Идеалист | страница 3
Вот я и поймал себя! Оказывается, я начинаю заботиться о симпатии читателей — да как откровенно и неуклюже. А ведь мне это совсем ни к чему: я не собираюсь воспевать своего господина и мучителя. Я хотел изжить его из себя, освободиться раз и навсегда и готов ради этого пойти на предательство: вскрыть все его слабости, пороки и комплексы.
Вместе с вами я обещаю проникнуть в его душевные потемки… Мы будем копаться в них со сладострастием человека, нашедшего бумажник, мы извлечем из них все мало-мальски ценное и отбросим с облегчением (освобождения) и радостью (обогащения).

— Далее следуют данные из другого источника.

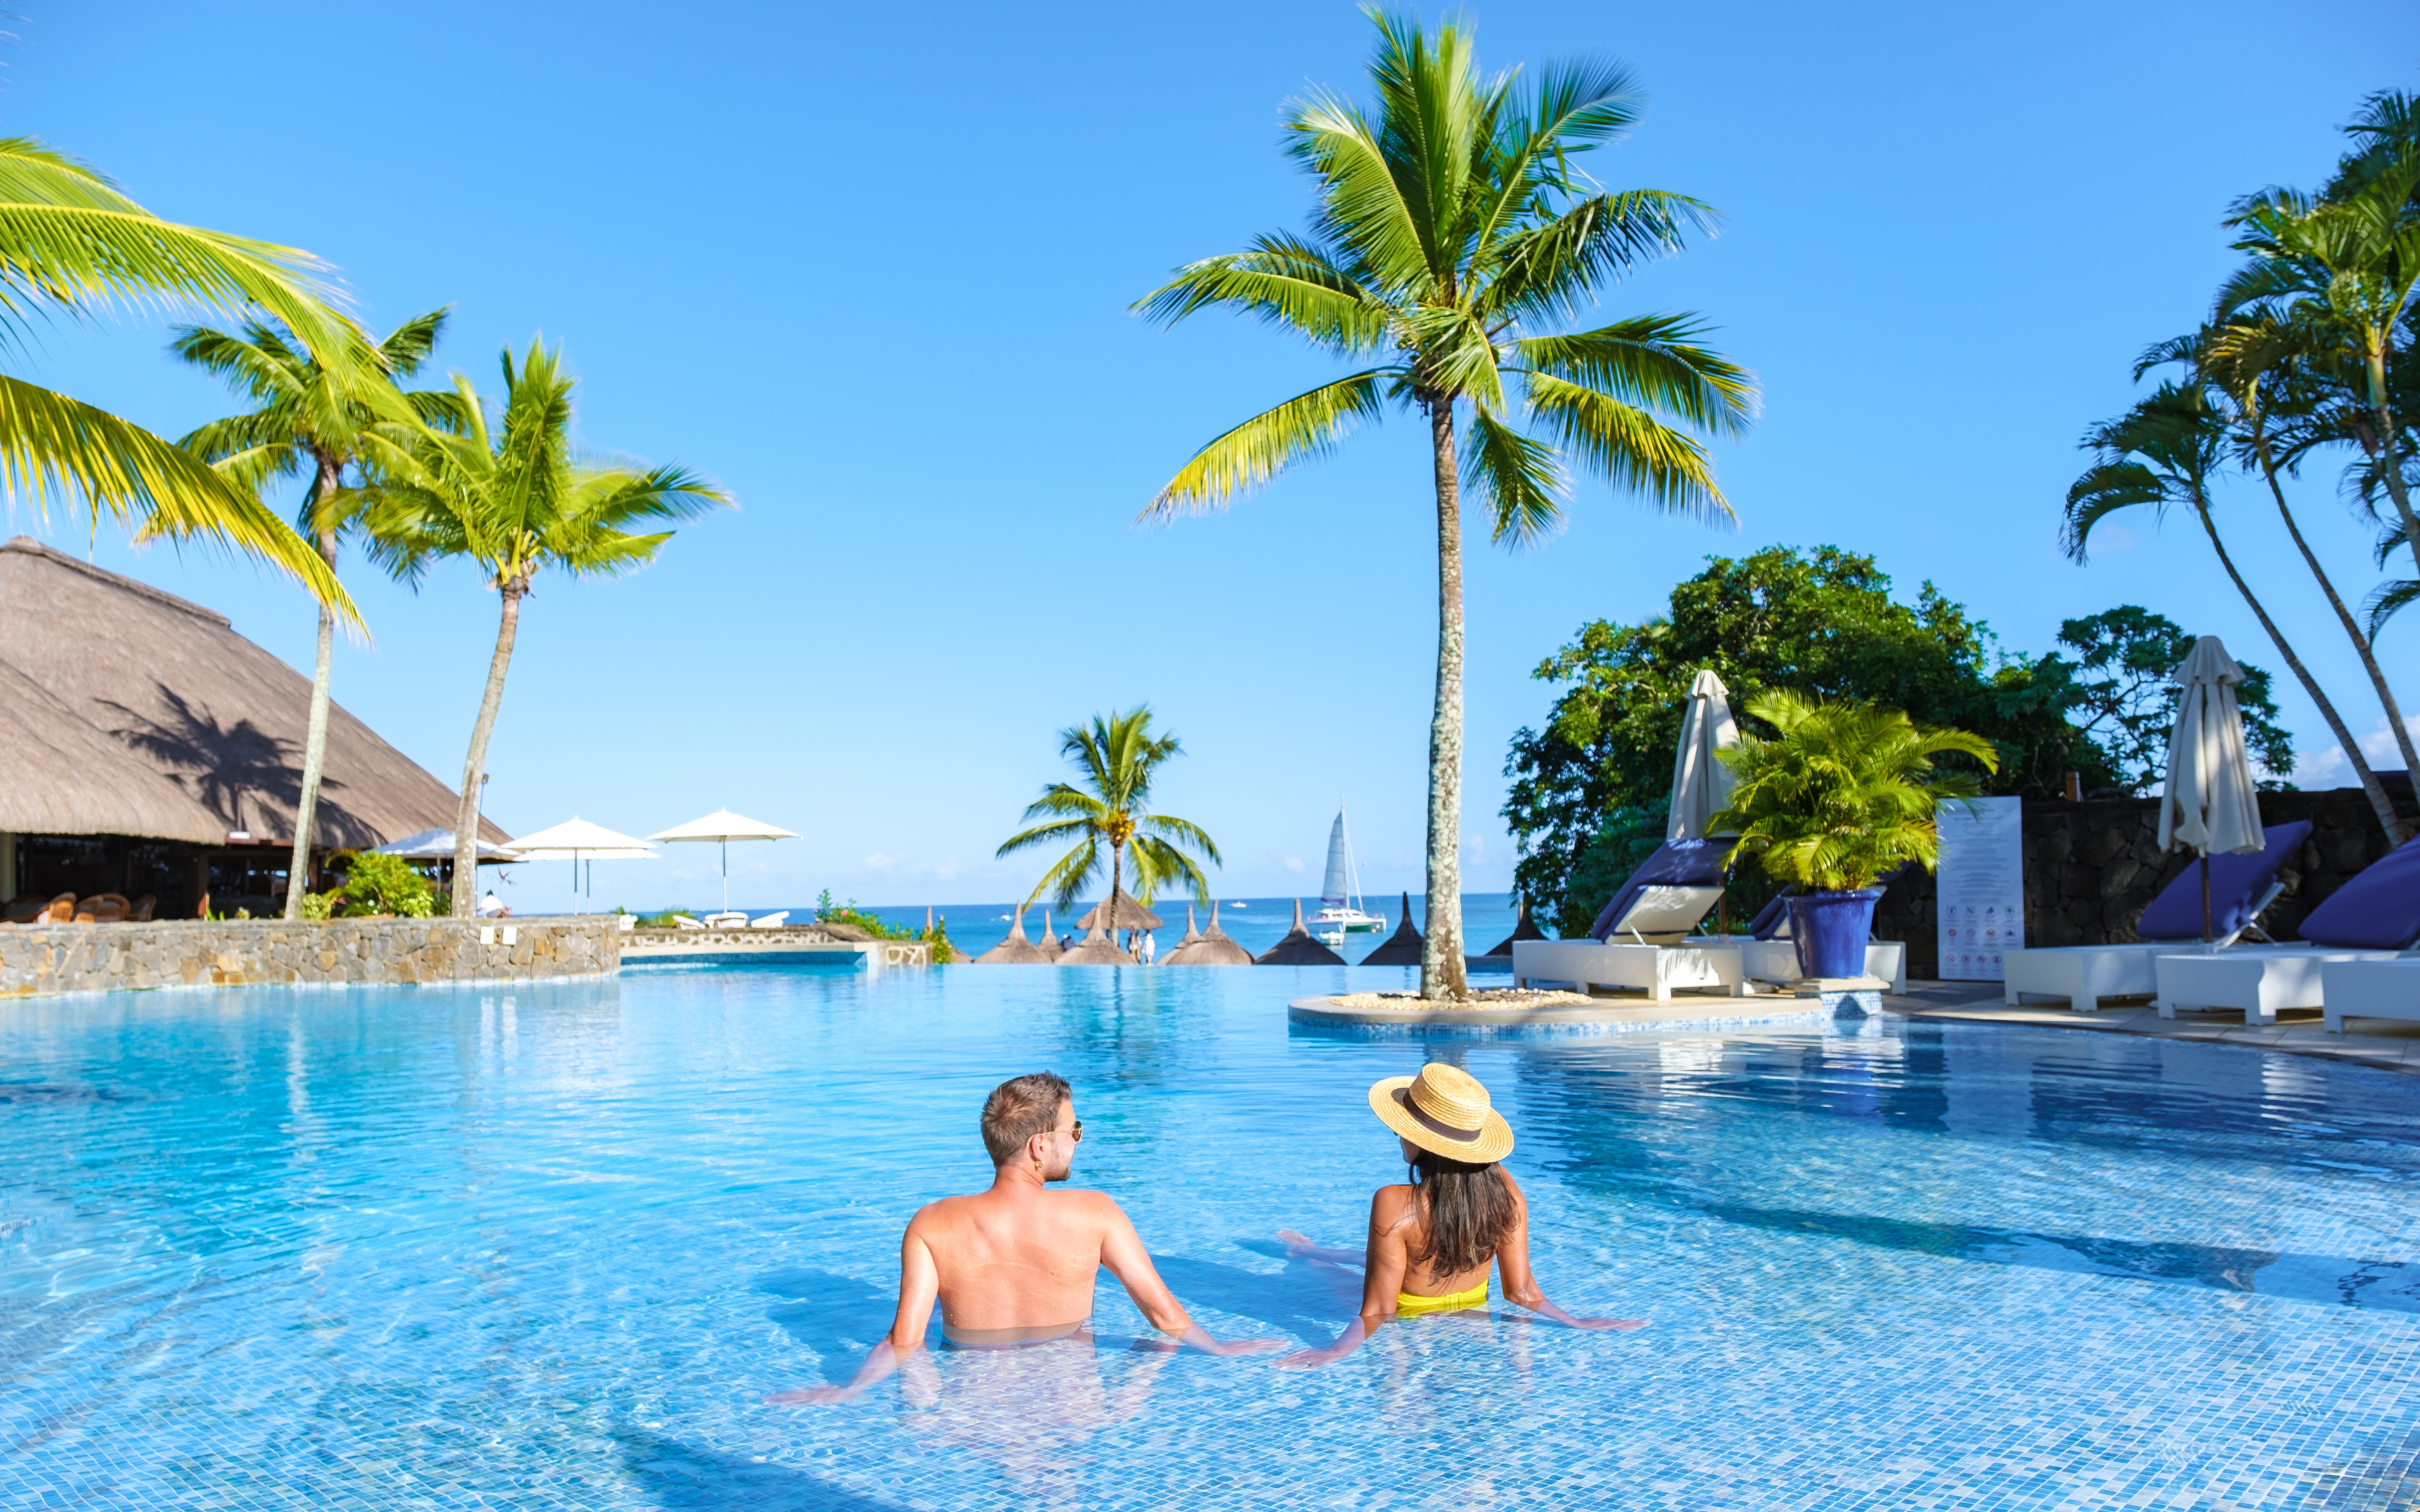 Un couple se détend dans une piscine pendant les vacances | Source : Shutterstock

Итак, в его внешности нет ничего примечательного; да и первое, беглое, знакомство принесет вам мало удовольствия. О чем с ним, собственно, говорить в мужской задушевной беседе, если он не болельщик, в шмотках без понятия (не отличает польской тряпки от американских джинсов), если женский вопрос расцвечивает его библиотечную бледность такими красками, что вам самому делается неловко. Ко всему прочему, он не соображает на троих. Справедливости ради замечу, что однажды при нем двое так смачно соображали, что он едва не попросился в сотоварищи, но пролетавший мимо ангел (не специально ли посланный?) зажал ему рот, и посвящение не состоялось. Кстати, вы заметили, что женская тема болезненно действует на него? Трансцендентальная бледность и здоровая кровь… тут кроются большие возможности для нас с вами, и я обещаю использовать их сполна.
Ага, вы усаживаетесь поудобней? Ну так и я не стану больше мешкать. Для начала вытолкнем его с помощью пожилой усталой женщины из зала для младших научных сотрудников «ленинки» — в конце концов, сколько можно: десятый час, суббота… Пусть он пройдется по вечерней Москве сентября 1967 года, подышит ее имперским воздухом, услышит смех, обрывки фраз и иностранную речь, заразится ее суетой, засмотрится на стройный силуэт в вечернем платье, и, кто знает, может быть, случай подарит нам начало романа: «она легонько ойкнула, пошатнулась, и он едва успел удержать ее за талию, — простите, — ничего, что с вами? — нога, каблук, — позвольте я помогу?»…
Ничего подобного! Илья медленно спускается по ступенчатому пьедесталу «ленинки», на ходу застегивая до верху плащ, будто отгораживаясь от реальности, и прямиком направляется в метро. На эскалаторе он не стоит и, естественно, ничего не замечает. В вагоне он прислоняется к стеклу и, закрыв глаза, пытается понять, где между чушью и гениальностью место его сегодняшней мысли о происхождении качественно новых понятий. Но внимание его уже расшатано, в нем появилась течь, и разговор двух женщин просачивается в него.